# [SOLVED] MacBook Pro DVD not visible



## sbussing (May 19, 2010)

Hi, I'm completely new to the Mac-world so forgive me if I ask a dumb question.ray:

I recently bought a Mac, now I want to install something from a DVD for the first time. However when I put in my DVD nothing happens. The stange thing is, I cannot find the DVD on my machine. I can see the harddrive and idisk, but shouldn't there be an DVD-drive also. 

Now when I go to the systemprofile, I see the the hardware specs of the drive:

HL-DT-ST DVDRW CS23N Firmware: SB07

So, it the seems the hardware is not recognised by the OS?

I think is has something to do with setting in my account. Is this possible?:4-dontkno

Maybe it is not visible for security reasons. Does anyone have any suggestions?

Thank you ray:


----------



## sinclair_tm (Mar 11, 2005)

*Re: MacBook Pro DVD not visible*

What does System Profiler say when you have a disk in the drive next to Media?


----------



## sbussing (May 19, 2010)

*Re: MacBook Pro DVD not visible*

Well, it actually show the right inforation. I wanted to install adobe CS4. The profiler saw that this disc was in the DVD/CD.


----------



## sinclair_tm (Mar 11, 2005)

*Re: MacBook Pro DVD not visible*

When you open a Finder window, the disk isn't showing up under the hard drive icon in the left pane?


----------



## sbussing (May 19, 2010)

*Re: MacBook Pro DVD not visible*

Hi sinclair_tm, the strange thing is, I only see the HD and iDisk, not DVD/CD. I should expect it to show there so I could click on it to explore. 

As I said before, I'm totally new in the apple world.

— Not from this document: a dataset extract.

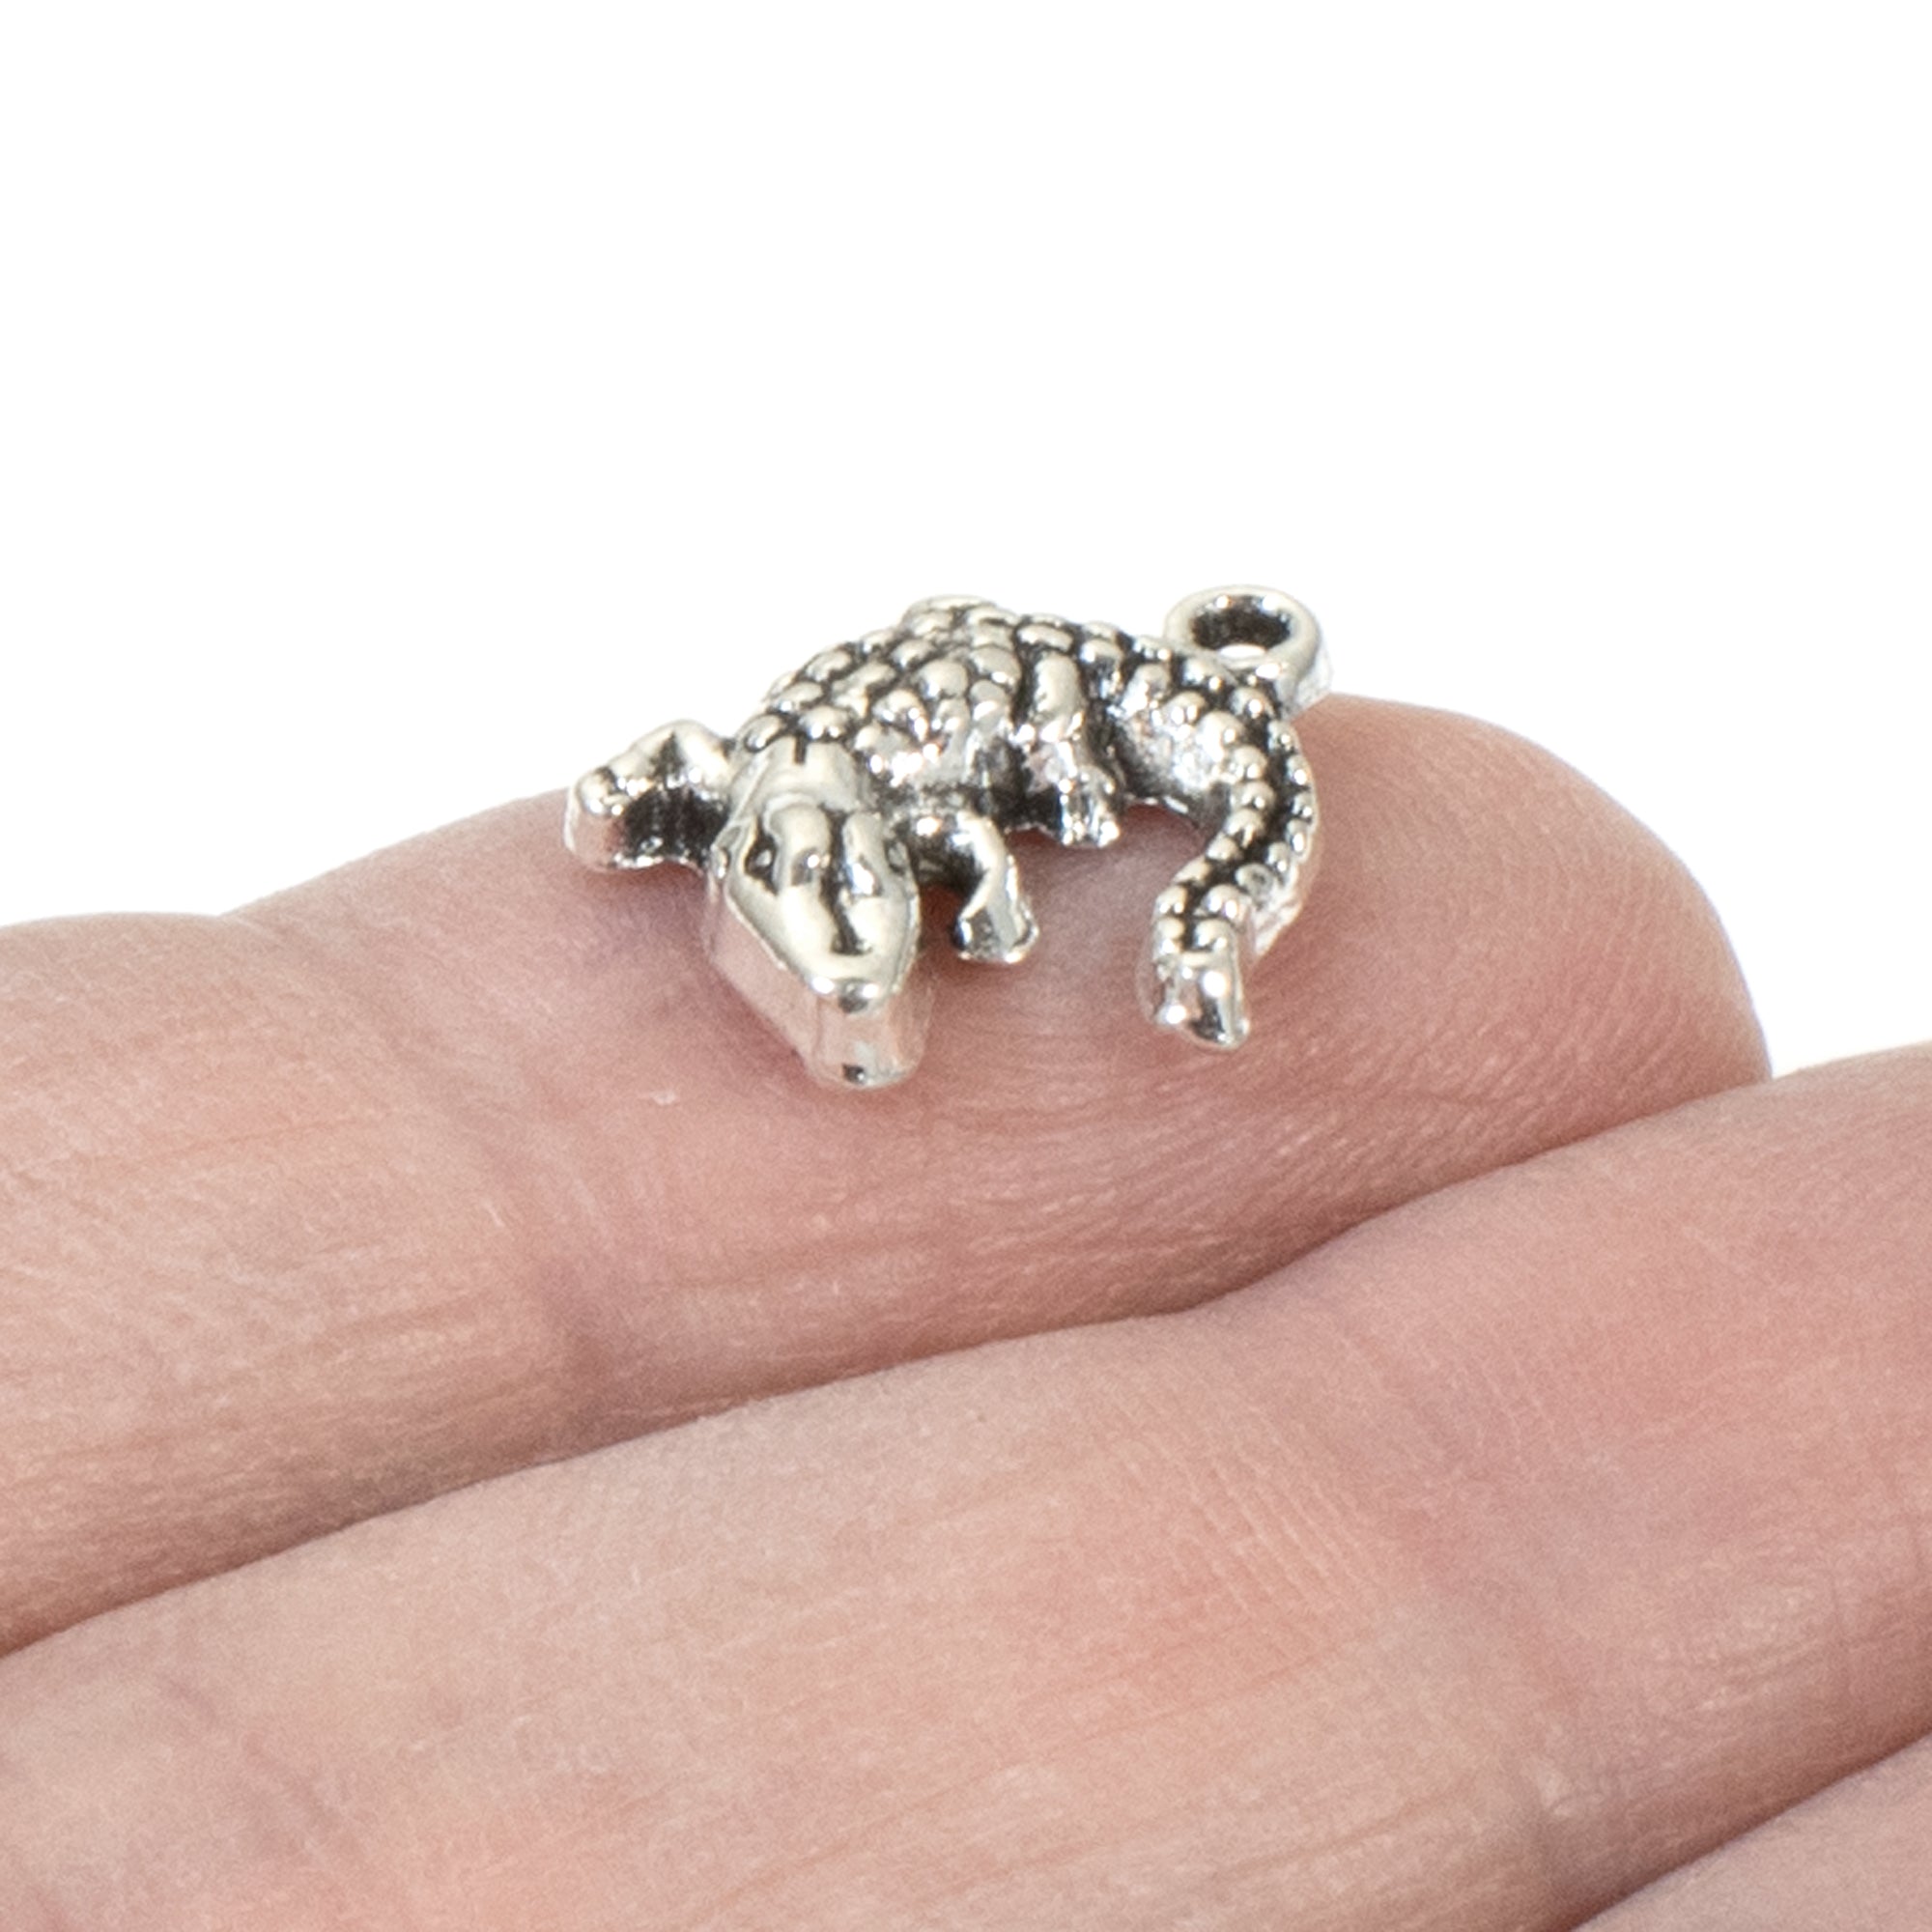 Wholesale Animal Charms for Jewelry Making - TierraCast

But if I compare it to windows, in de windows explorer (this is the same as finder on the Mac I guess?), I would see the drive. In the Max finder I don't.

Did I something wrong?


----------



## sinclair_tm (Mar 11, 2005)

*Re: MacBook Pro DVD not visible*

No, if there is no media, the drive will not show up. Apple treats all removable media like Windows treats USB drives, unless there is something there to read, nothing is shown. While in the FInder, goto the menu and select Finder>Preferences... and select General, and make sure that there is a check next to CD/DVD if you want it to show up on the Desktop, and then click on the Sidebar button at the top of the preference window and make sure that there is a check next to CD/DVD to have them show up the left pane of Finder Windows. If they are both checked and still don't show up, then I'm at a loss, unless you are not in an admin account.


----------



## sbussing (May 19, 2010)

*Re: MacBook Pro DVD not visible*

Hi sinclair_tm, I checked everything you suggested. All the options were checked. Thanks for the support. I immediatly tested it, to see if the drive shows up in finder. After I inserted a disc, it did. So everything is working as expected. I still don't know why it didn't show up when I inserted the installation disc of Adobe CS 4. But now I know that the drive is ok and visible in the Finder. 

Thanks again for the support


----------



## sinclair_tm (Mar 11, 2005)

*Re: MacBook Pro DVD not visible*

Who knows, but by double checking everything, it reset the settings so that it works now. Glad to hear it's good.


----------